Spent yesterday morning with my Therapist (physio, not Psycho - maybe that's where I'm going wrong. While she lit the candles and put on a soothing tape, (and, on my insistance, warmed her hands) we philosophised on the difficulties of men and women coexisting in permanent relationships. As she moulded my swollen lets into a less piggy-like shape, I let the confusion slip away until an hour later, I couldn't have cared less about anyone's problems. Least of all my own.
A relaxing lunch in The Courtyard completed the treatment.
As I try to work myself up into seasonal humour, and begin my Christmas shopping, I thought I'd put in a lettle story. It might cheer us all up. No? Ah well! I do my best.
Clever Santa
Niks sat at the kitchen table. His brow was furrowed and the pencil was grasped so tightly in his eight-year-old fist that the knuckles showed white through his skin. His little pink tongue stuck out of the corner of his mouth as he tried to think and write at the same time.
Niks was writing a letter – or trying to. It wasn’t easy. The page that he had torn out from his school copy only had few words on it as yet, but was already grubby from rubbing out mistakes.
The letter was to Salavecis – that was the first thing he had had to change, because now that he lived in Ireland he had discovered that in this new country, Salavecis was called Santa Claus. Niks was fairly sure that Salavecis would remember him from last year – but would he know that his home was no longer in Latvia but in another place, miles away from where the snow would be piling up against the doors and windows of his grandmother’s house? His mother had said that of course he would, but Niks wasn’t so sure. After all, his mother couldn’t even help him with spelling the words he wanted to say – she could speak English fairly well, but writing it down was a different matter. That’s why Niks had to work so hard in school, so that he soon he could help his mother to fill in all the papers she had to deal with so that she could get a better job.

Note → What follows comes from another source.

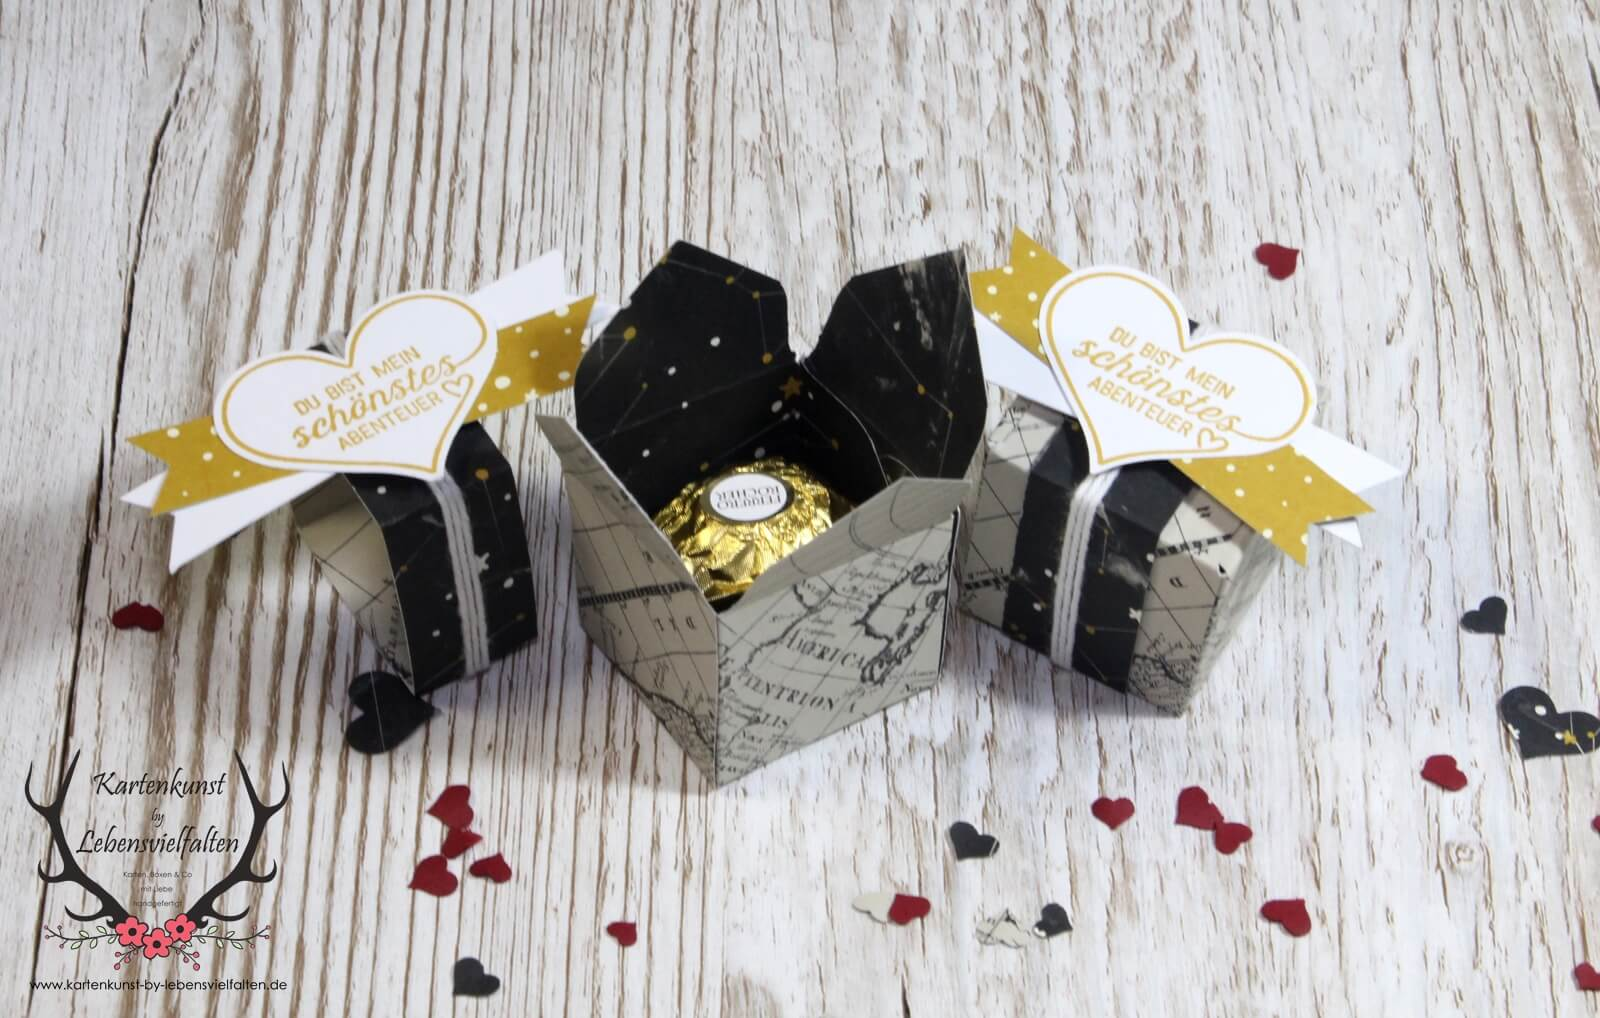 Ferrero Rocher Verpackung zum Valentinstag fr Mnner  HANDMADE Kultur

“I’ve been a good boy. Please bring me a football and a surpris….” The black lead in the pencil snapped in half. He must have been leaning too hard on it. Niks searched his school bag for a parer.

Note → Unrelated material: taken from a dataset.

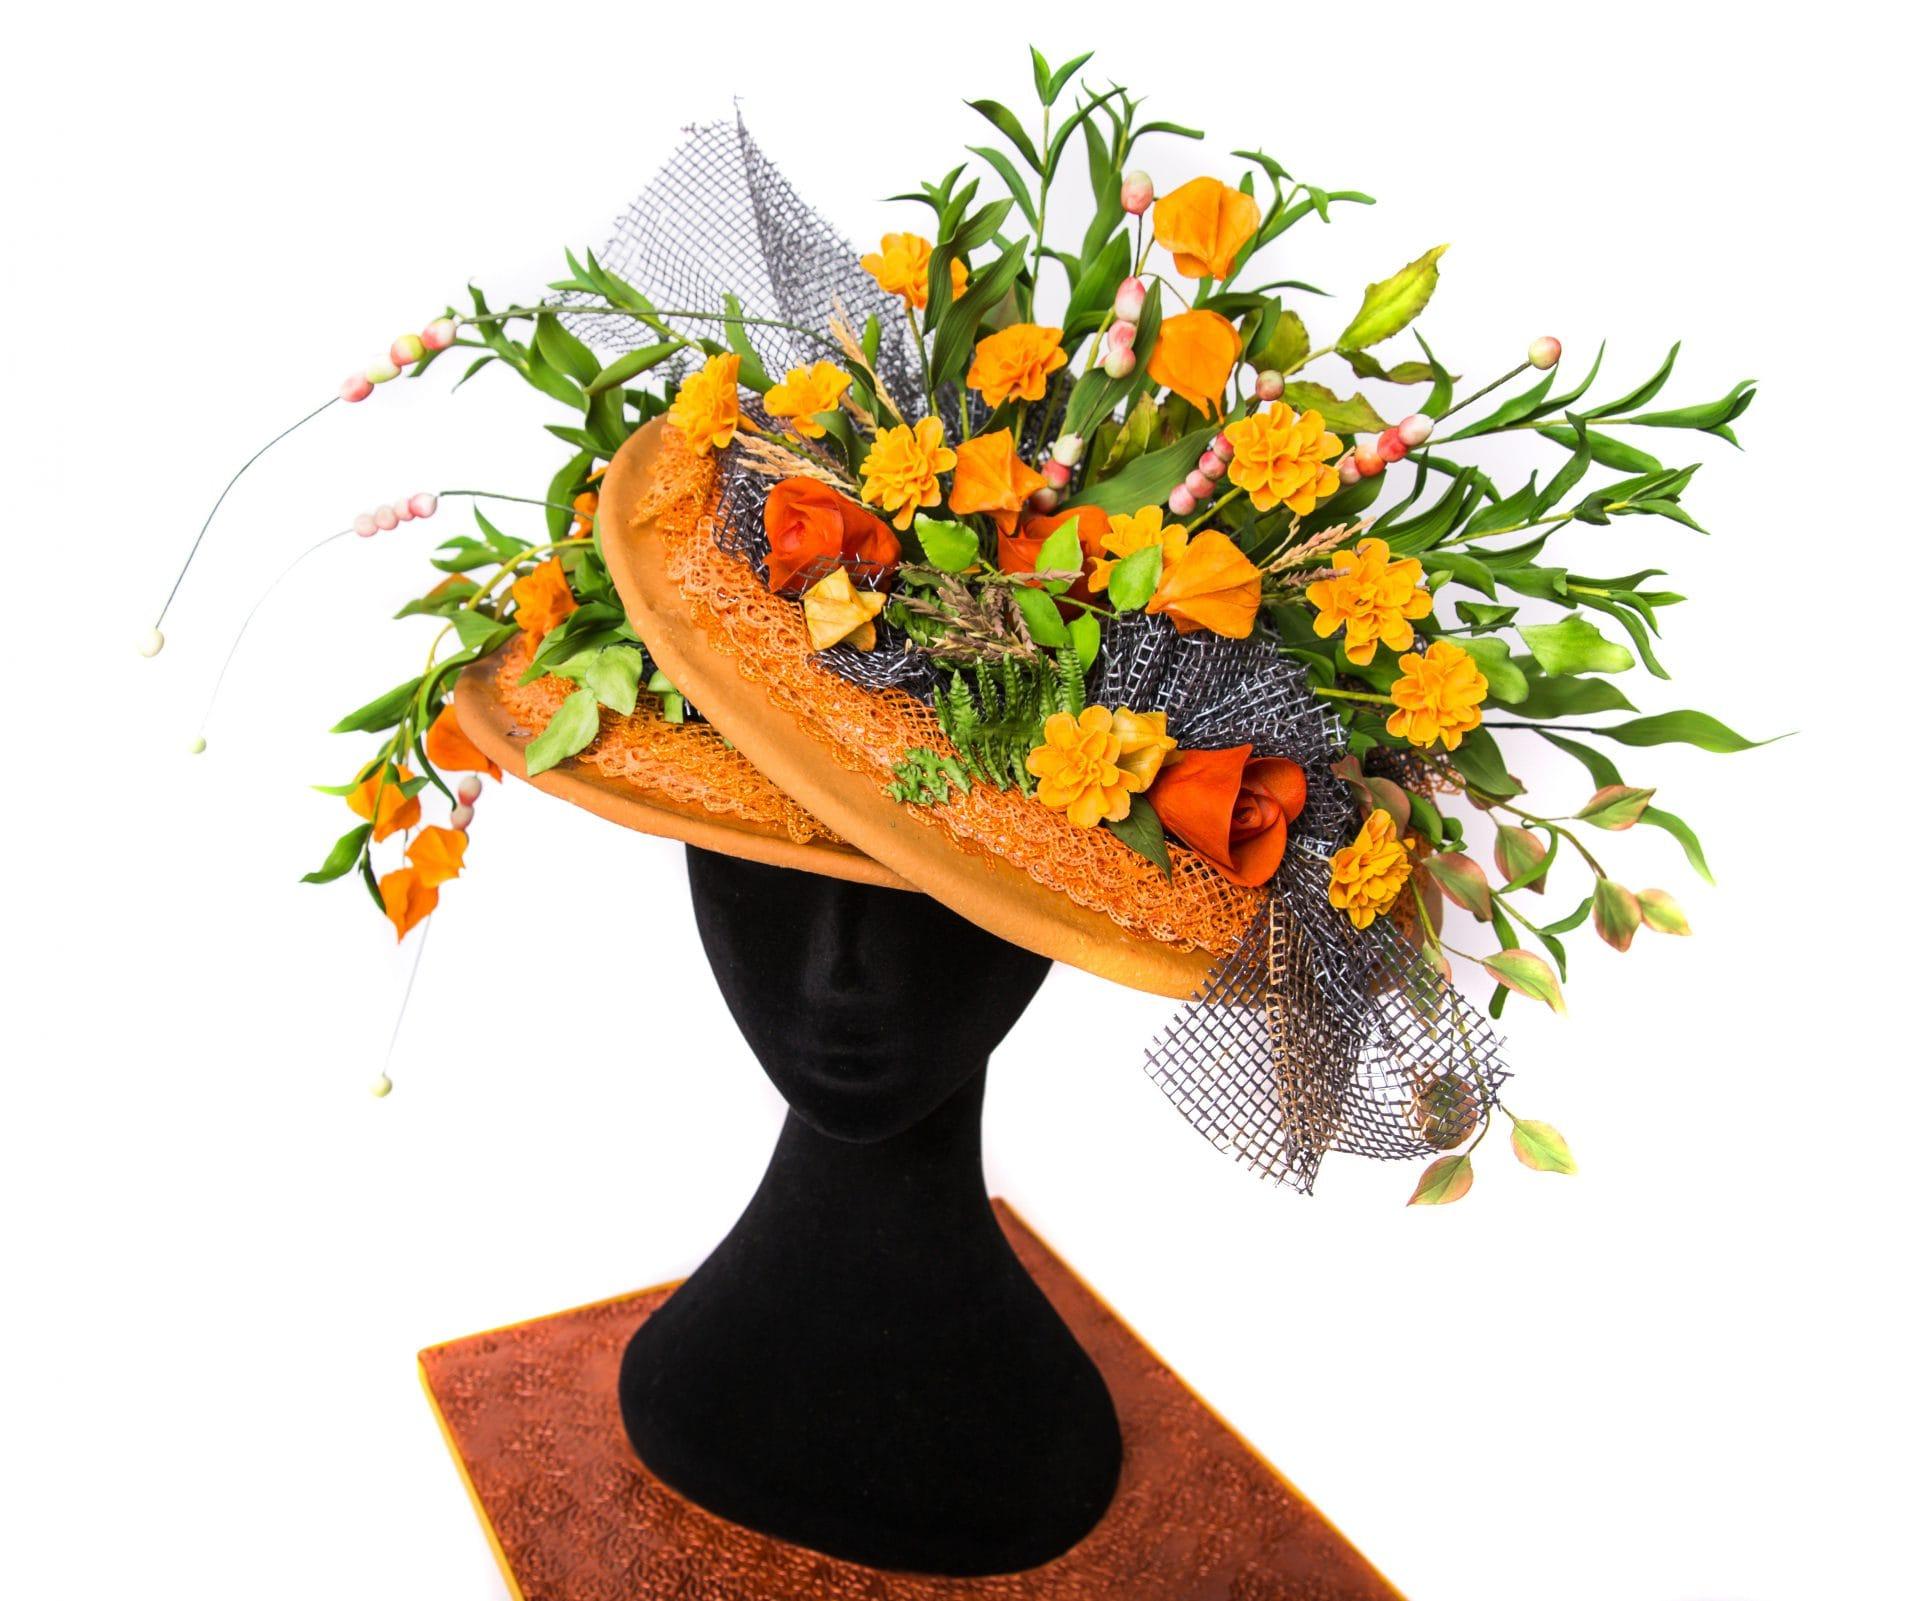 Karen Blackwell - Butterfly Cakes and Bakes. Hat Inspiration: Neil Whittaker at Design Element Flowers www.designelementflowers.com

As he thought of the little house in Latvia where they had lived with his grandmother Natasha and his cousins Mikhail and Ivan, Niks began to feel lonely. He had nobody to play with here after school. There weren’t any other children living in these apartments, and his mother didn’t like him to play outside much. She worried about him. His mother had friends all right, but when they were together they spoke in Latvian or Russian so that didn’t help him to learn much English. He thought again about his cousins, and felt a bit sad, so he crossed out ‘football’ from the page and added on ‘friend’ instead. He would have liked to get a new page and start again, but knew he couldn’t waste another from his copy. When he gave the letter to his mother to post to Salavecis, Niks thought that maybe he made a mistake changing his letter. Santa couldn’t really bring a friend all the way from Lapland in his sack, and he really did want a football. But it was too late now – the letter was gone.

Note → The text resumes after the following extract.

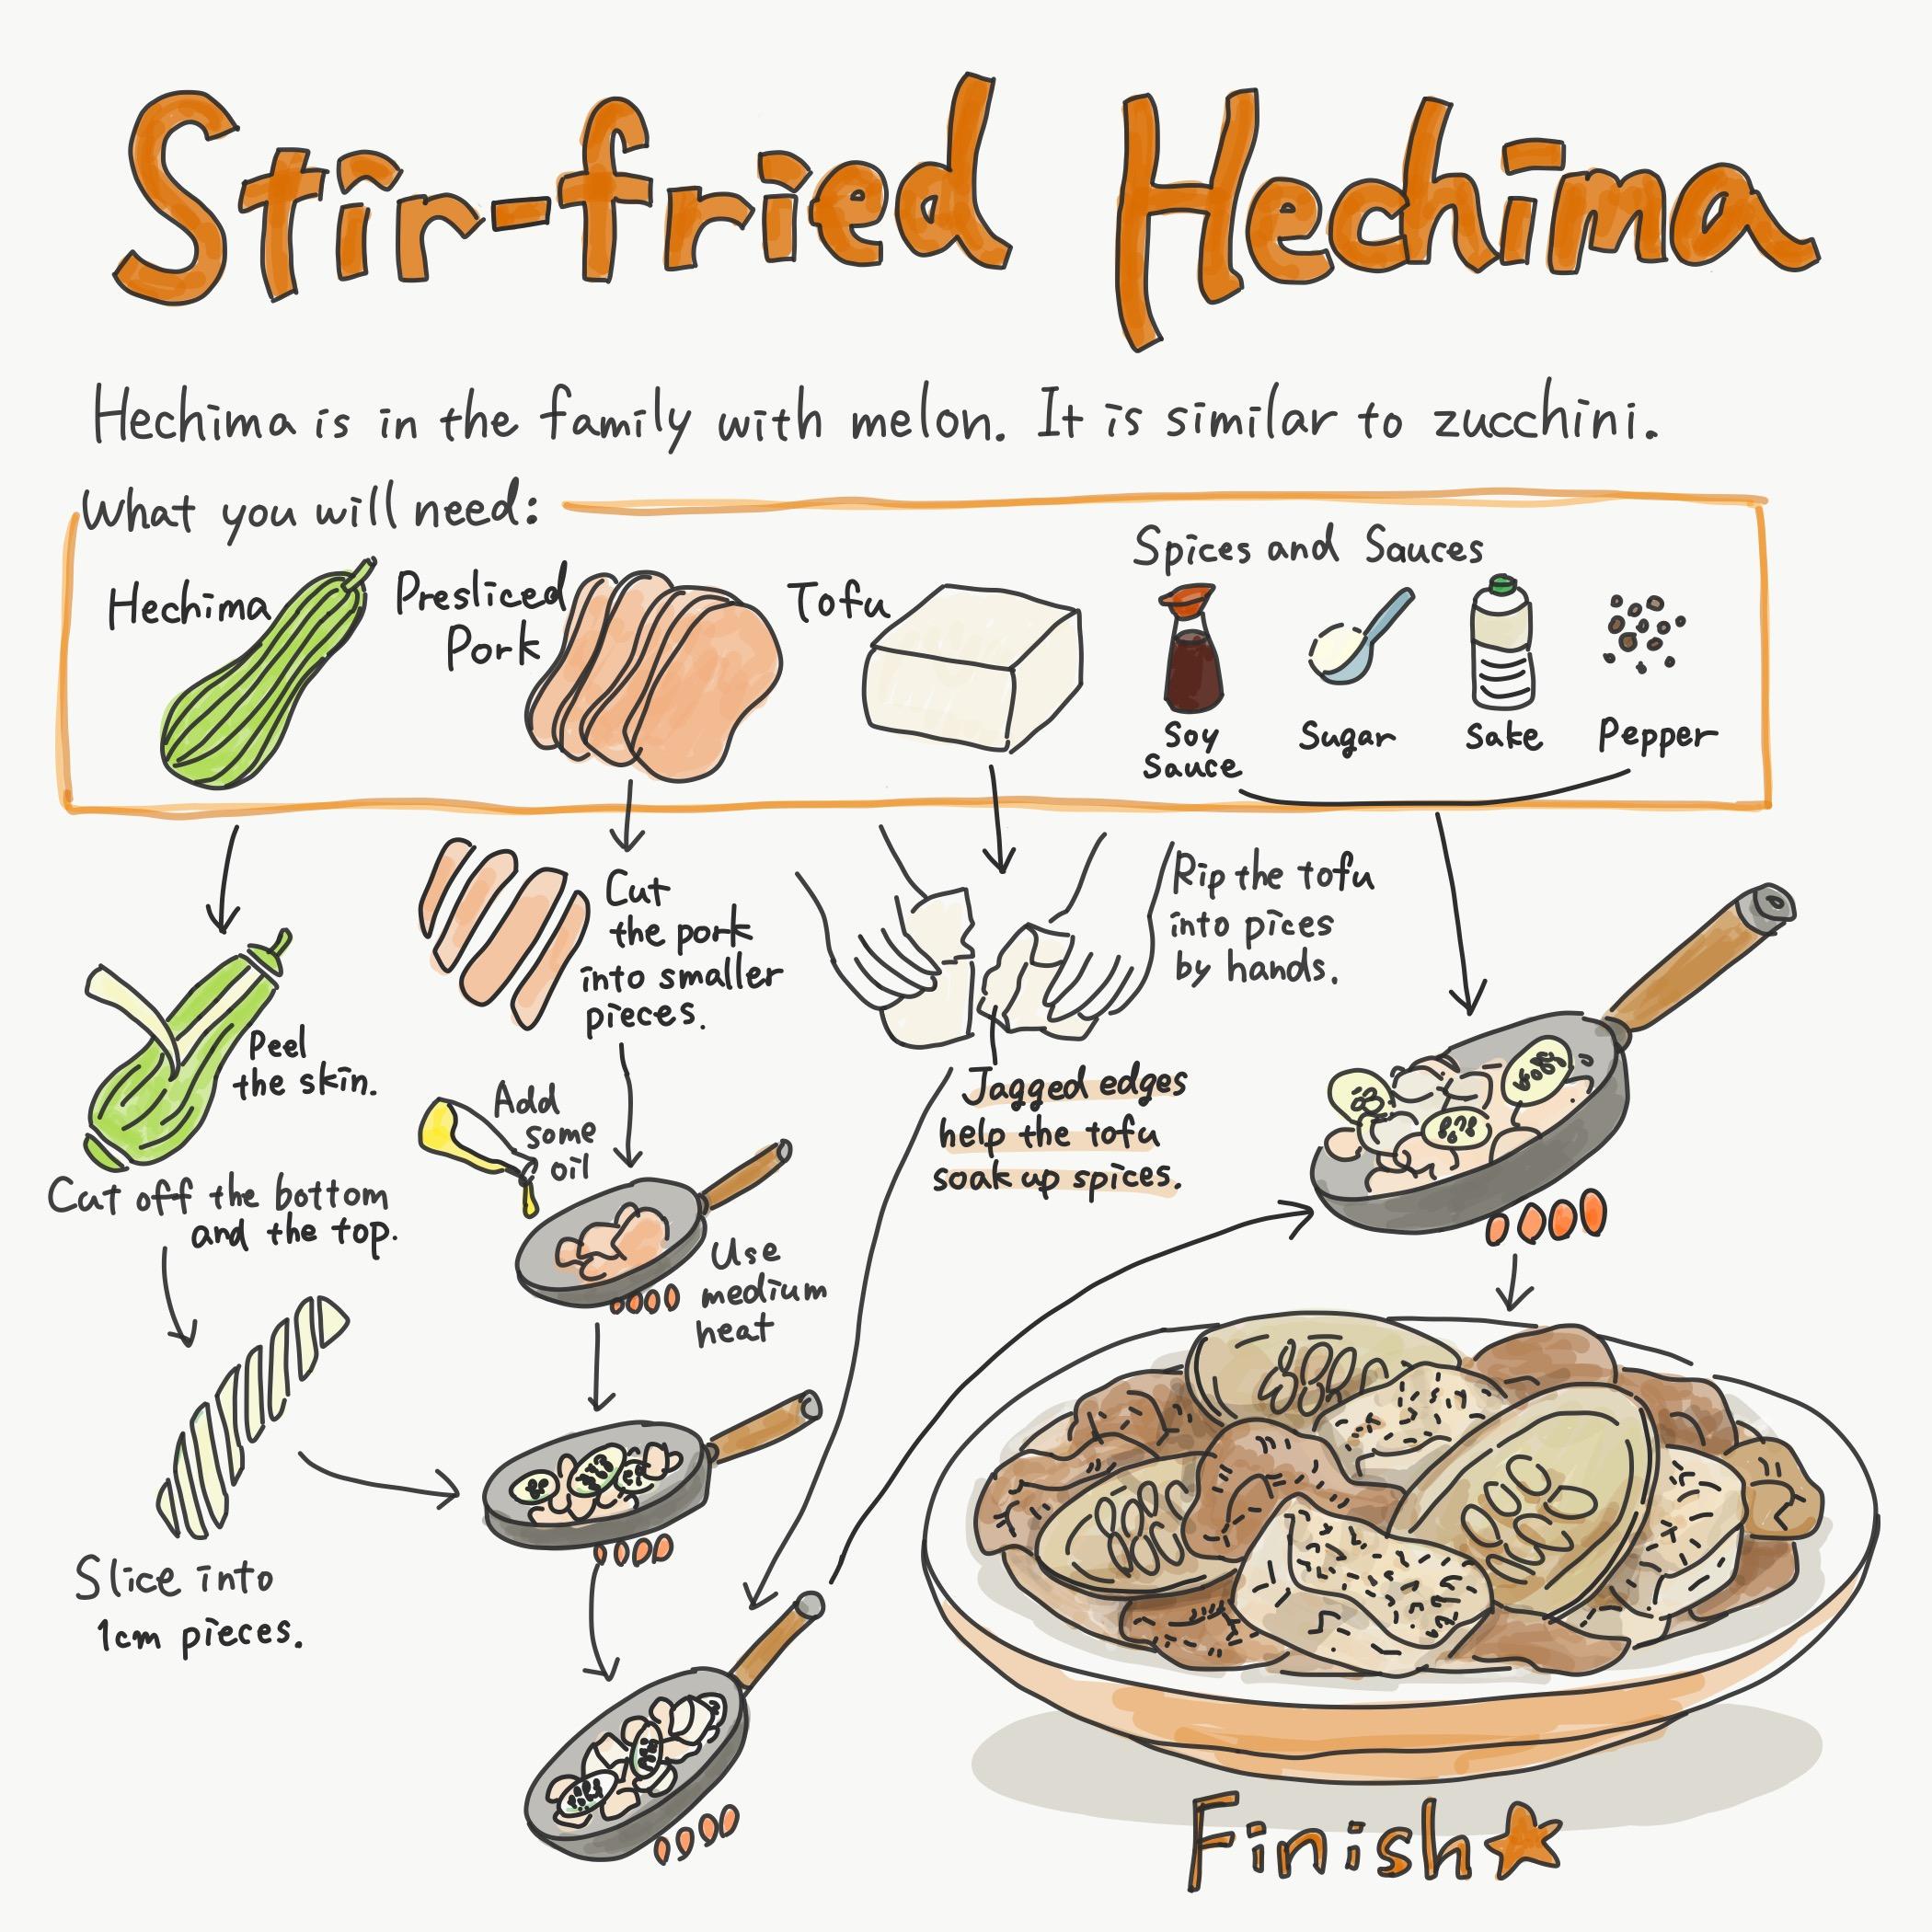 Stir-fried Hechima

Niks needn’t have worried. When he opened his eyes on Christmas morning there, underneath the little Christmas Tree with lots of surprise presents was a lovely black and white football – a proper one that bounced really loudly on the wooden floor. Wow! Santa had known what he really wanted after all. Niks was so happy.
When they came home from Church, Niks started bouncing the ball around the room and up and down the hall. He kicked it really hard and it went flying into the kitchen and his mother yelled at him, “Niks, take that damned ball outside before you break everything!” He held the ball carefully under his arm while he went down all the steps to the front door, then he bounced it in front of him right out to the gate and on to the small patch of grass outside. He threw the ball up into the air and bounced it on his head, then chased it and picked it up and did it again. Then he dropped it on his toe and bounced it there, like Rhonaldino did on the television.
“Hey, that’s cool. Can we play?” Niks looked around. Sitting on the wall outside the next lot of apartments were two little boys about his own age.
“O.K.” He kicked the ball in their direction and the red-haired one caught it deftly and kicked it back to him. The other boy, in a bright green jacket, chased across to him. “Kick it to me, go on!” he cried. They played happily together for half an hour or more before being called for their dinner.
That night, as he climbed into bed, tired out from the excitement of Christmas Day, the little red-headed boy in Apartment 14d said, “Hey Ma, I’m glad we moved here in time for Christmas. We made a friend today – he lives next door and said he’d meet Sean and me in the morning for a game of football.” Just a few short yards away, Niks lay happily in bed looking out at the night sky. How had Salavecis known, when he landed in his sleigh on the roof last night, that Niks had really wanted the football and a friend?
Santa Salavecis really is wonderful!